Wal-Mart remained the largest company in the world, with total annual revenues of over
$485 billion. It employed 2.3 million people, making it the largest private employer in the
world. With nearly 11,700 stores in 28 countries, it served approximately 260 million
customers each week worldwide.1 While its core remained discount merchandise and
groceries, it had expanded aggressively into e-commerce. By 2016, Wal-Mart had become
the second-largest online retailer in the United States behind Amazon and had rolled out a
propriety mobile payments system called Walmart Pay.

Problem Statement

Wal-Mart faced significant challenges. Although it had weathered the recession of 2007–
2009 better than many of its rivals, it had found it difficult to return to the double-digit
growth rates that had characterized its history. The company closed 269 stores worldwide in
2016, including 154 in the U.S. and 115 abroad, primarily in Latin America. Not able to
create much sales in e commerce. There is a major problem in approaching to labour relations
The company had major competitors in all areas- in online ( Amazon), in warehouse
segment(Costco), in retail store ( target company).The growth of its biggest online competitor
amazon have increased rapidly from 2015. Market share price was not at all increasing. The
massive offers gave by amazon threatens Wal-Mart

Alternatives

Wal-Mart also operated Sam’s Club, a members-only warehouse store allowing members to
buy bulk quantities of items for steep discounts. It opened its first Sam’s Club in 1983 and by
late 2016 operated 656 Sam’s Club stores, which averaged about 134,000 square feet. Wal-
Mart had experimented with several smaller-format stores, in an effort to reach urban areas.
In 1998, it launched a new format called Neighborhood Markets, which specialized in
groceries and pharmacy items and occupied a much smaller footprint, averaging 42,000
square feet. In 2011, Wal-Mart launched a new format called Walmart Express, which were
small stores of 15,000 square feet or less, located in urban areas and designed to compete
with convenience stores and dollar stores.
Criteria

Looking on gaining profit or loss by having an evaluation on all different stores.

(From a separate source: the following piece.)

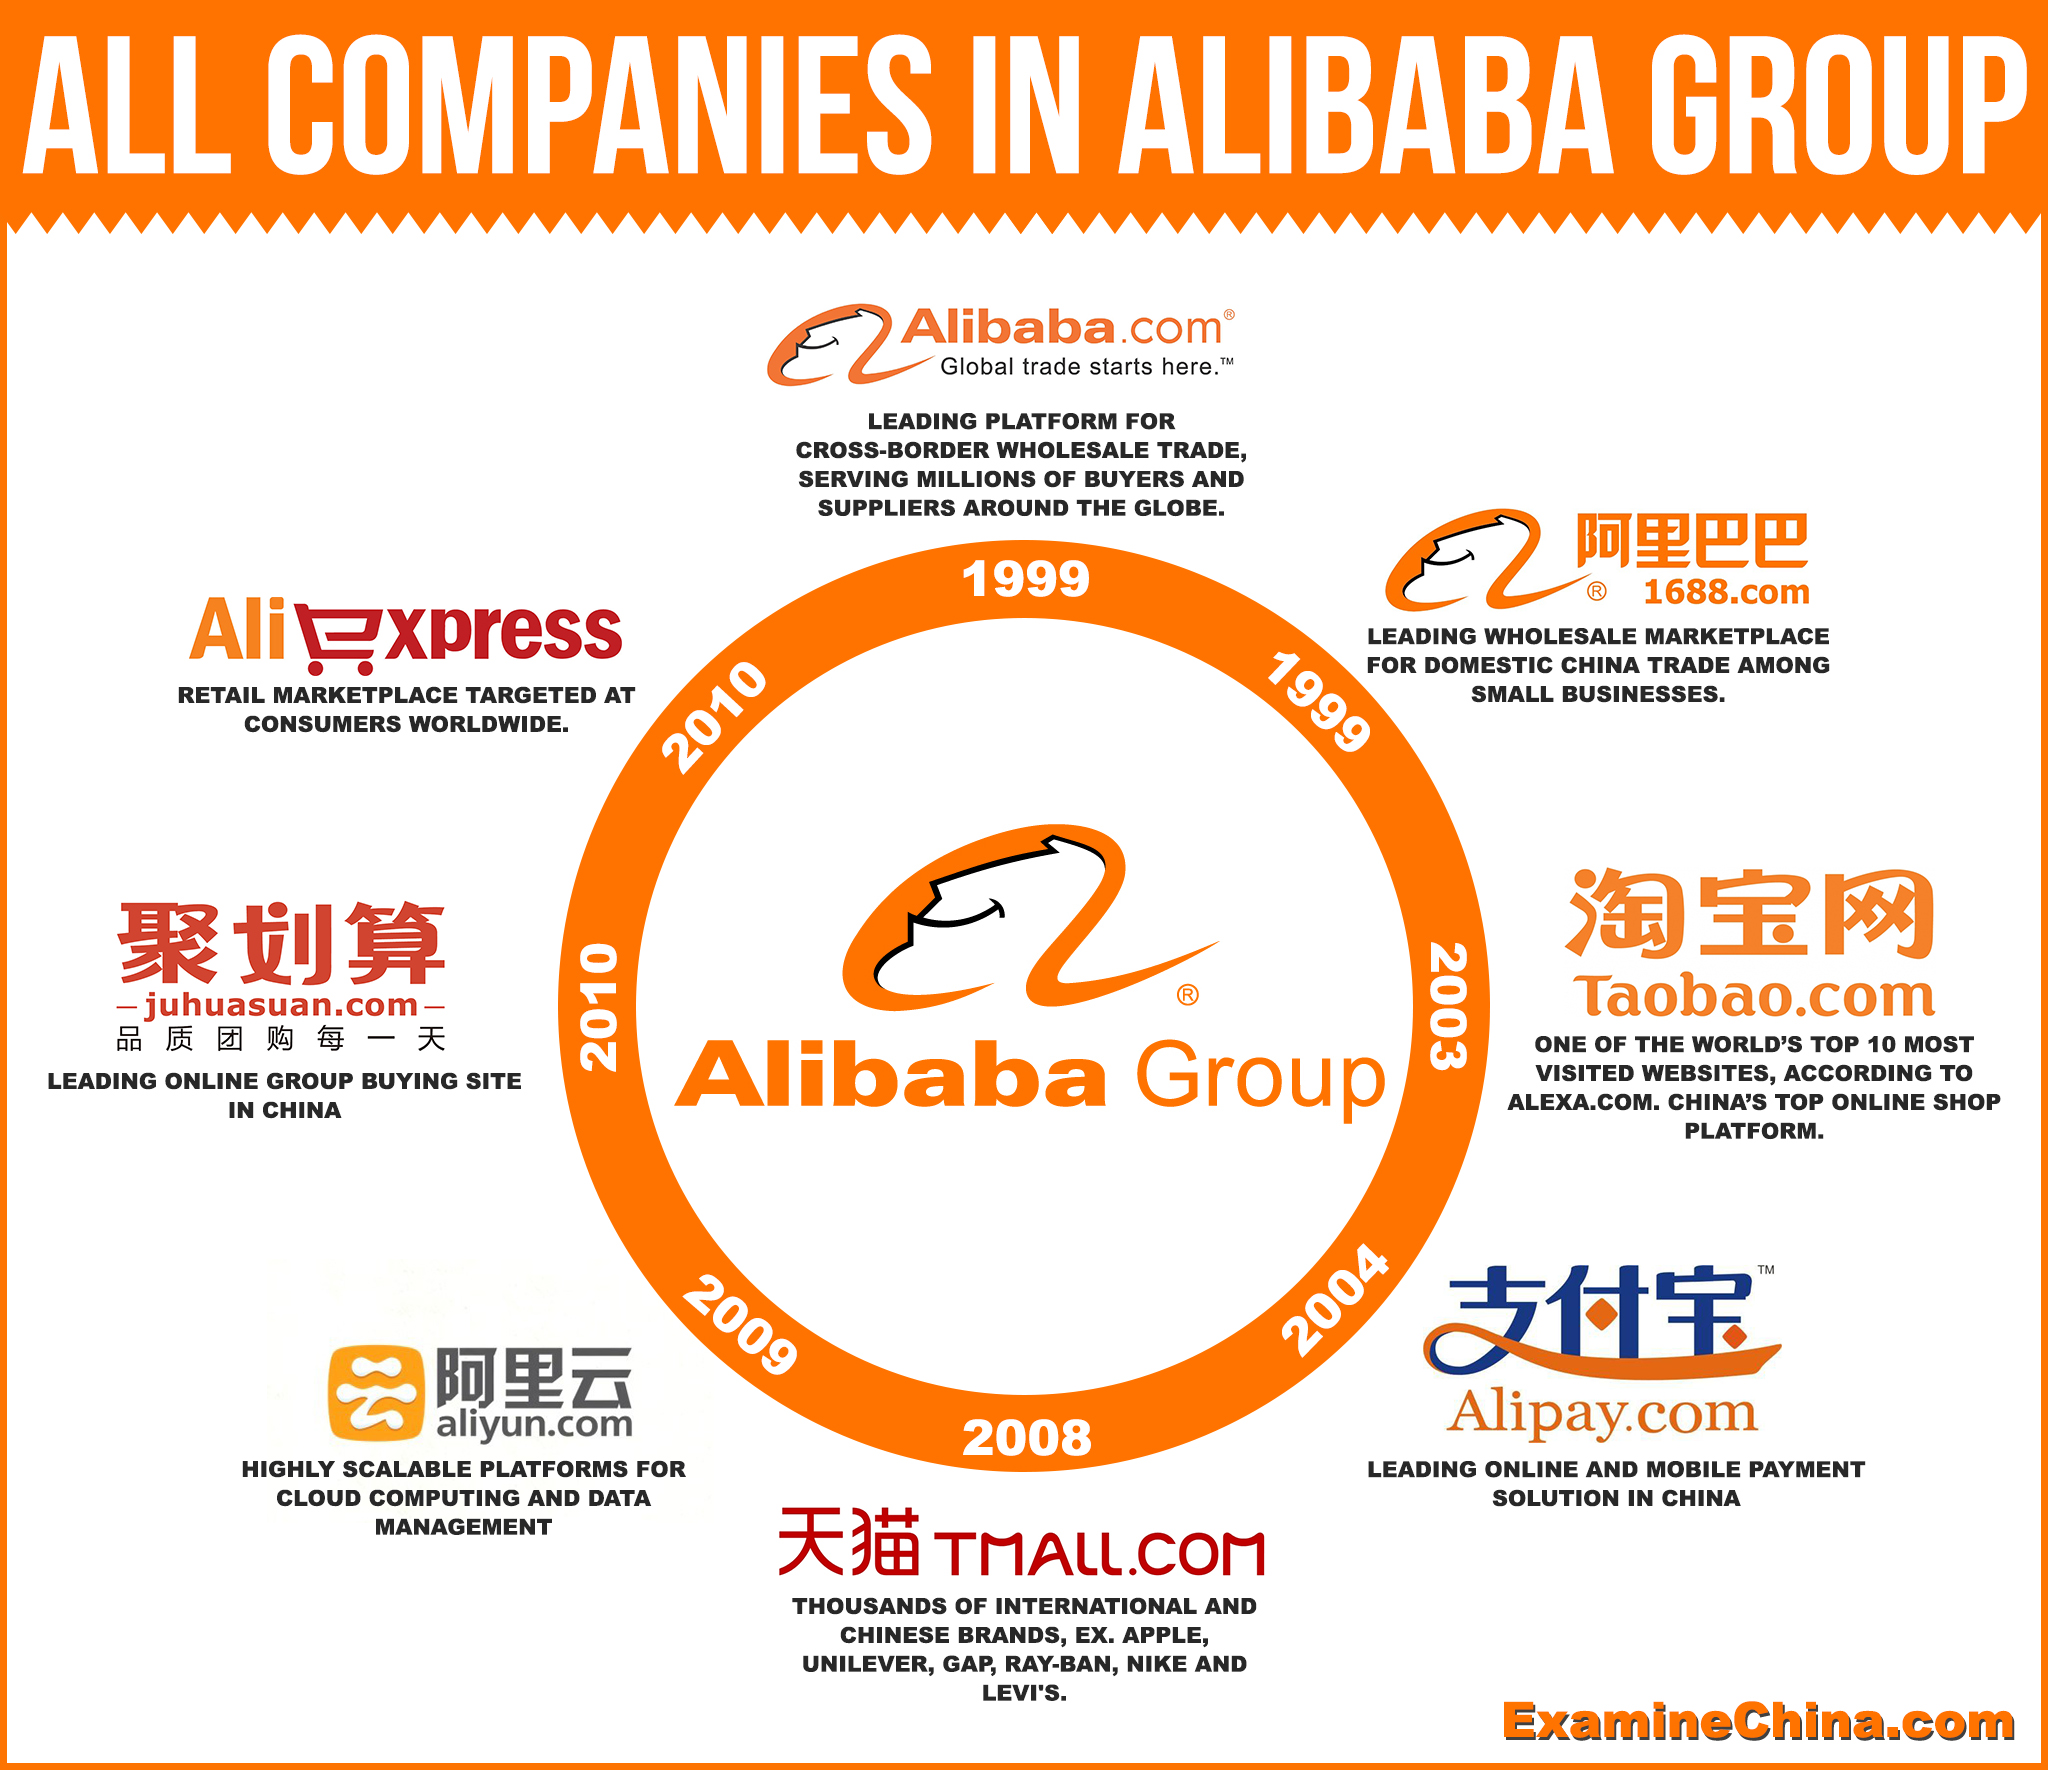 All companies in Alibaba Group. Source Image: UBC Blogs

Evaluation of alternatives against criteria

Recommended solution

Wal-Mart had emphasized “everyday low prices,” a commitment to offering consistently low
prices on all merchandise, rather than deploying sales and promotions on select items.
Maintaining low prices depended on using Wal-Mart’s operational prowess, scale, and
buying power to contain costs. Its low-price strategy was still in place in early 2017; price
leadership remained “core to who we are” in the words of the firm’s 2016 annual report.5

Contingency plan

Having neighbourhood stores in different parts of the world.

My learnings

Walmart remains the biggest company in retailing sector and in ecommerce it acquire second
position in ecommerce behind Amazon.